Anche oggi un ragazzo ha tentato di accoltellare un israeliano, qui. A un checkpoint. Ed è stato ucciso. Ma non fa più notizia. Al più, si discute della reazione dei soldati: che sparano, e sparano direttamente alla testa, quando ancora l’aggressore è a tre o quattro metri di distanza. E potrebbe essere neutralizzato con altri mezzi. Ma quello che più mi colpisce, onestamente, è altro: che così tanti palestinesi ancora insistano ad avventarsi contro un checkpoint con queste lame da niente, consapevoli che saranno uccisi e basta. Che senso ha?

Si parla tanto di attentati suicidi. Ma a volte, sembrano più suicidi che attentati. Una scelta più di disperazione che di odio. Come se fosse il solo modo per lasciare un ricordo di sé. Morire, in certi paesi, è il solo modo di esistere.

Si chiamano martiri, qui e in tutto il mondo arabo. Ma spesso, sono solo ragazzi allo stremo: soli e allo stremo, e mi restano addosso sempre mille dubbi, poi, a vederli nei manifesti funebri, sullo sfondo solenne e artificiale della moschea di al-Aqsa. A vederli celebrati. A vederli usati. Vederli “male amati”: ho trovato le parole che non avevo nell’ultimo libro di Mario Giro. Parla della mia generazione, a un tratto, parla dei giovani, e dice, appunto: male amati. Qui come in Occidente, in cui siamo tenuti in uno stato di precarietà eterna che è un dramma, onestamente, e che invece la generazione precedente guarda come se fosse il privilegio di un’adolescenza infinita, perché in fondo, così non solo non cede spazio, non cede potere, ma si sente indispensabile.
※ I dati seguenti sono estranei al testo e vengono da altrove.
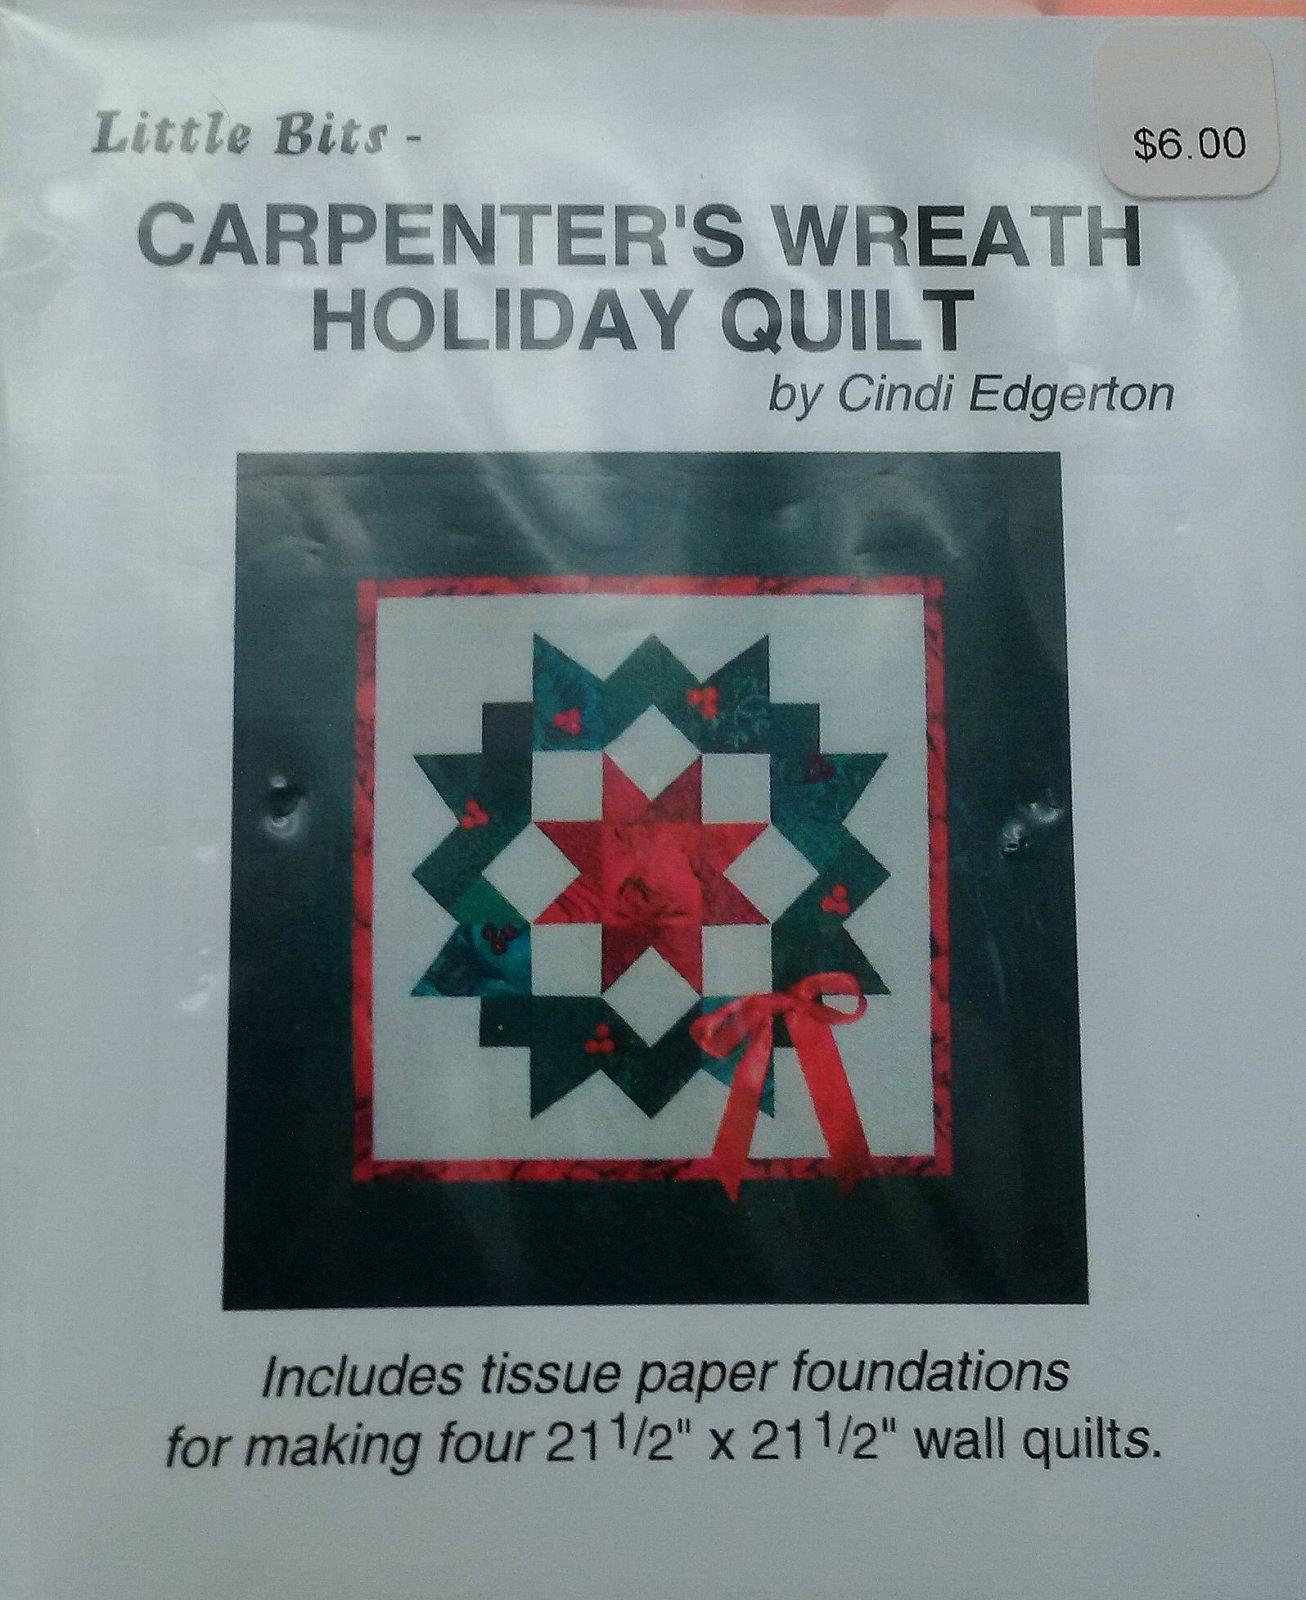 Little Bits Carpenter's Wreath Holiday Quilt Pattern

Se i figli non crescono mai, i genitori non invecchiano mai – ma male amati anche nell’Africa dei migranti, o in quell’Asia in cui si vive non solo di fabbrica, ma in fabbrica, come in pagine di Charles Dickens. Da qui la forza, il fascino dei jihadisti, che offrono senso, identità: obiettivi, offrono risposte facili a una “Globalizzazione difficile”, per riprendere il titolo del libro, ma anche, ad altre latitudini, la forza e il fascino dei narcos, per esempio, o delle paranze dei bambini di Roberto Saviano. Perché questa globalizzazione che secondo Francis Fukuyama avrebbe segnato la fine della storia, è diventata invece lo scontro di civiltà di Samuel Huntington. Perché ora che il mondo è un solo mondo, la manodopera è raddoppiata. E i salari sono crollati, e così i diritti, in un’economia che non ha più regole né freni. E si sono impennate le disuguaglianze. E come mi hanno detto tanti jihadisti: un mondo in cui otto miliardari possiedono la stessa ricchezza di metà della popolazione del pianeta, è semplicemente un mondo che non può funzionare.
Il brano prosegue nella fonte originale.